Leandro

Personal information
- Full name: Leandro Fonteles de Queiroz
- Date of birth: September 13, 1995 (age 30)
- Place of birth: Manaus, Brazil
- Height: 1.78 m (5 ft 10 in)
- Position: Attacking midfielder

Team information
- Current team: Don Bosco Garelli
- Number: 9

Youth career
- ASA de Amazonia

College career
- Years: Team / Apps / (Gls)
- 2014–2015: Blackurn College / 7 / (4)
- 2015–2016: Talladega College
- 2017–2019: Webber International University / 11 / (5)

Senior career*
- Years: Team / Apps / (Gls)
- 2020–2022: Winter Haven United
- 2022–2023: Hippo FC
- 2023–2024: BCH Lions
- 2024: Don Bosco Garelli / 0 / (0)

= Leandro (footballer, born 1995) =

Brazilian footballer (born 1995)

Leandro Fonteles de Queiroz (born 13 September 1995), also known as Leandro, is a Brazilian former professional footballer who last plays as an attacking midfielder for Don Bosco Garelli of the Philippines Football League.

==Personal life==
Leandro was born in Manaus, Brazil, to parents Renato and Andreia. He studied at Pensi-Ponto de Ensino, and played his youth football for ASA de Amazonia.

==Career==
===College career===
After high school, Leandro got a scholarship to study and play football in the United States.
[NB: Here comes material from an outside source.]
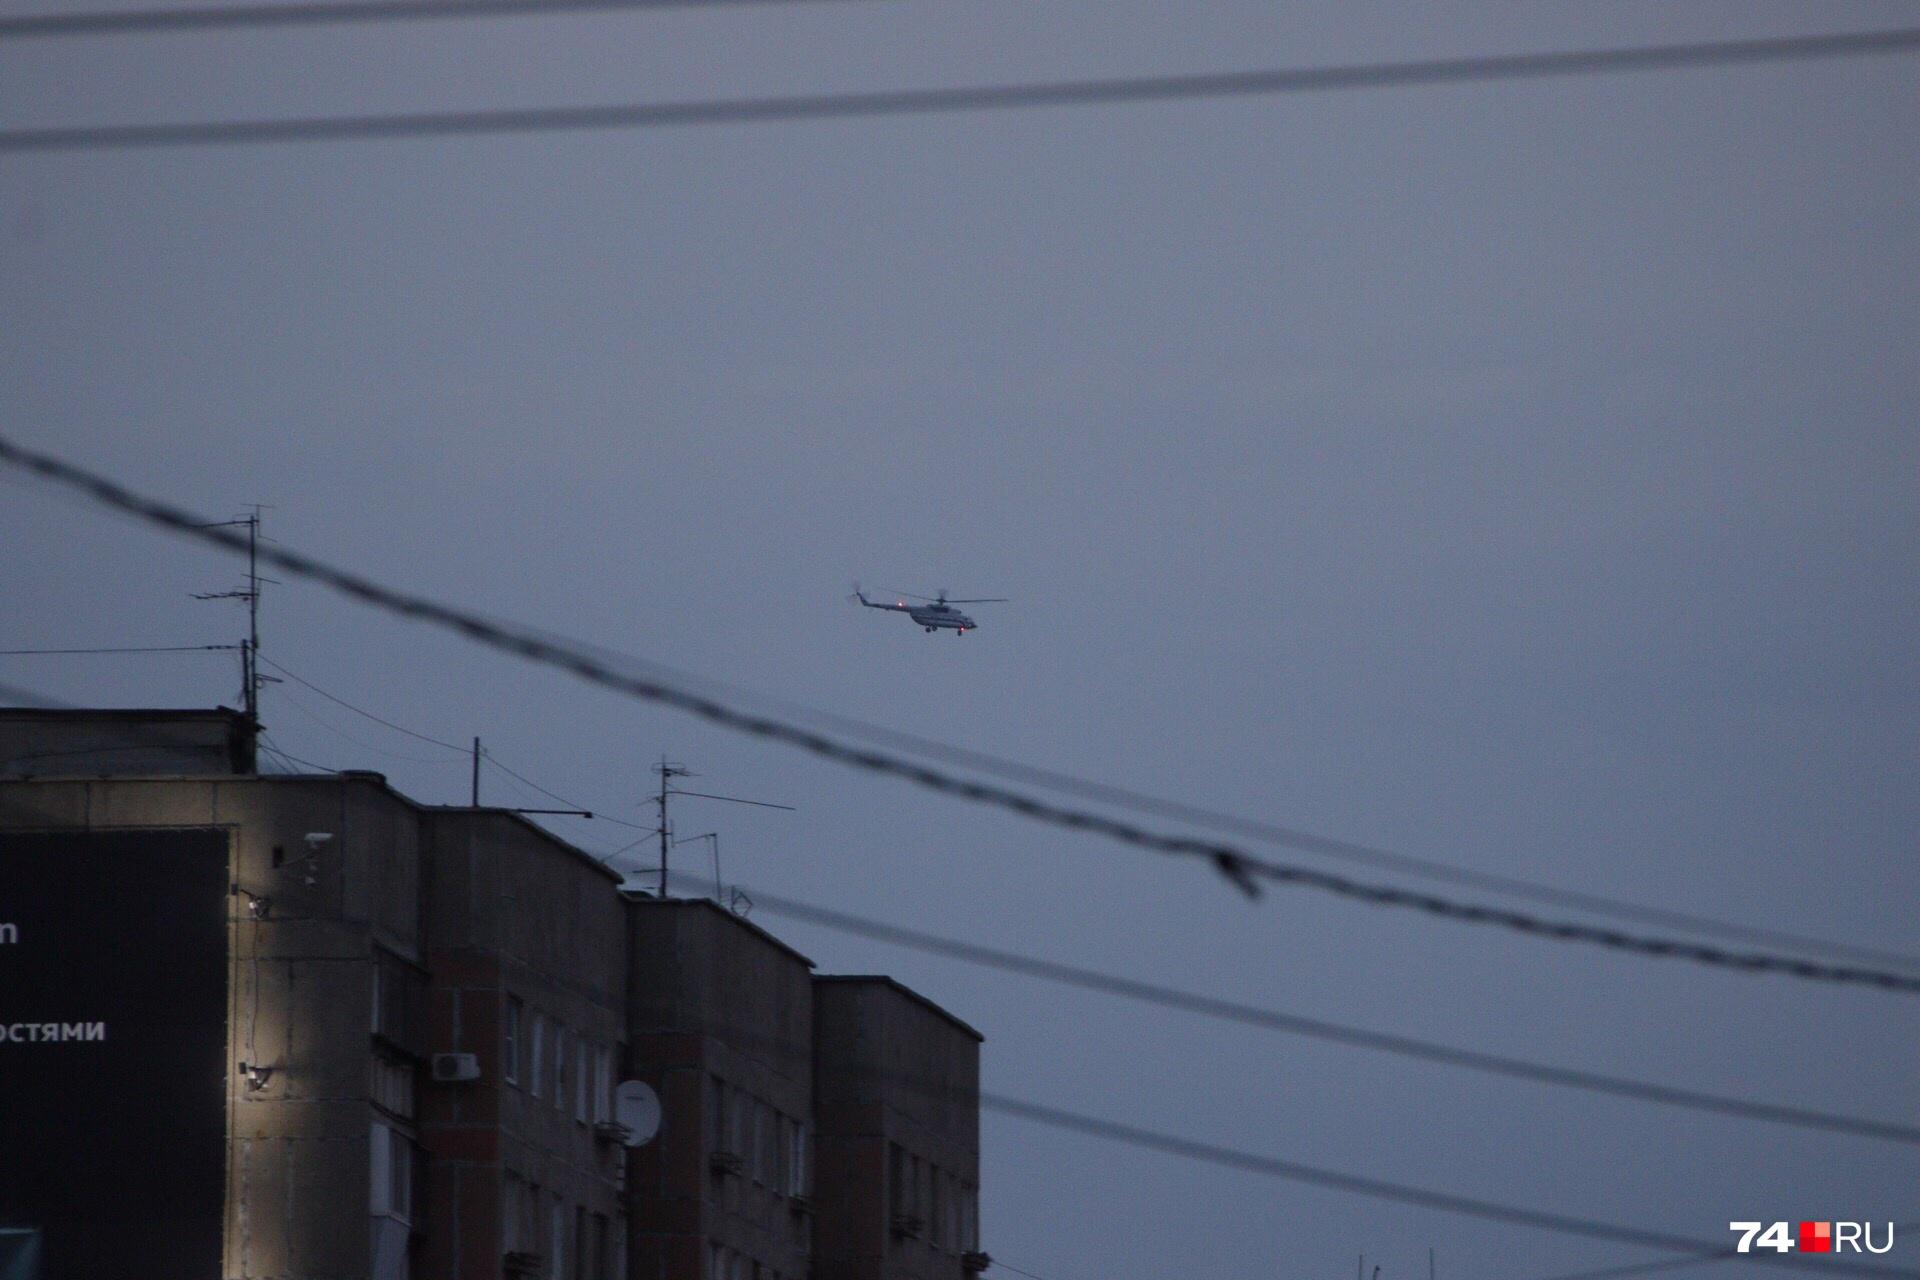 Путин снова всех удивил и прилетел в Магнитогорск на вертолете

He studied in Louisiana State University of Alexandria but first played for Blackurn College in 2014–2015 and racked up 4 goals in 7 matches, and also played for Talladega College in 2015–16. His longest stint came with Webber International University, as he scored 5 goals in 11 matches before graduating in 2019.

===Early pro career===
Leandro signed his first contract with Winter Haven United FC, although his stint was interrupted by the COVID-19 pandemic. In 2022, he accepted an offer from Thailand and played for Hippo FC in the Bangkok Premier League.

===Don Bosco Garelli===
After playing for one season in the Mongolian Premier League with BCH Lions, he signed with Philippine club Don Bosco Garelli as part of their preparations for the 2024 Philippines Football League season.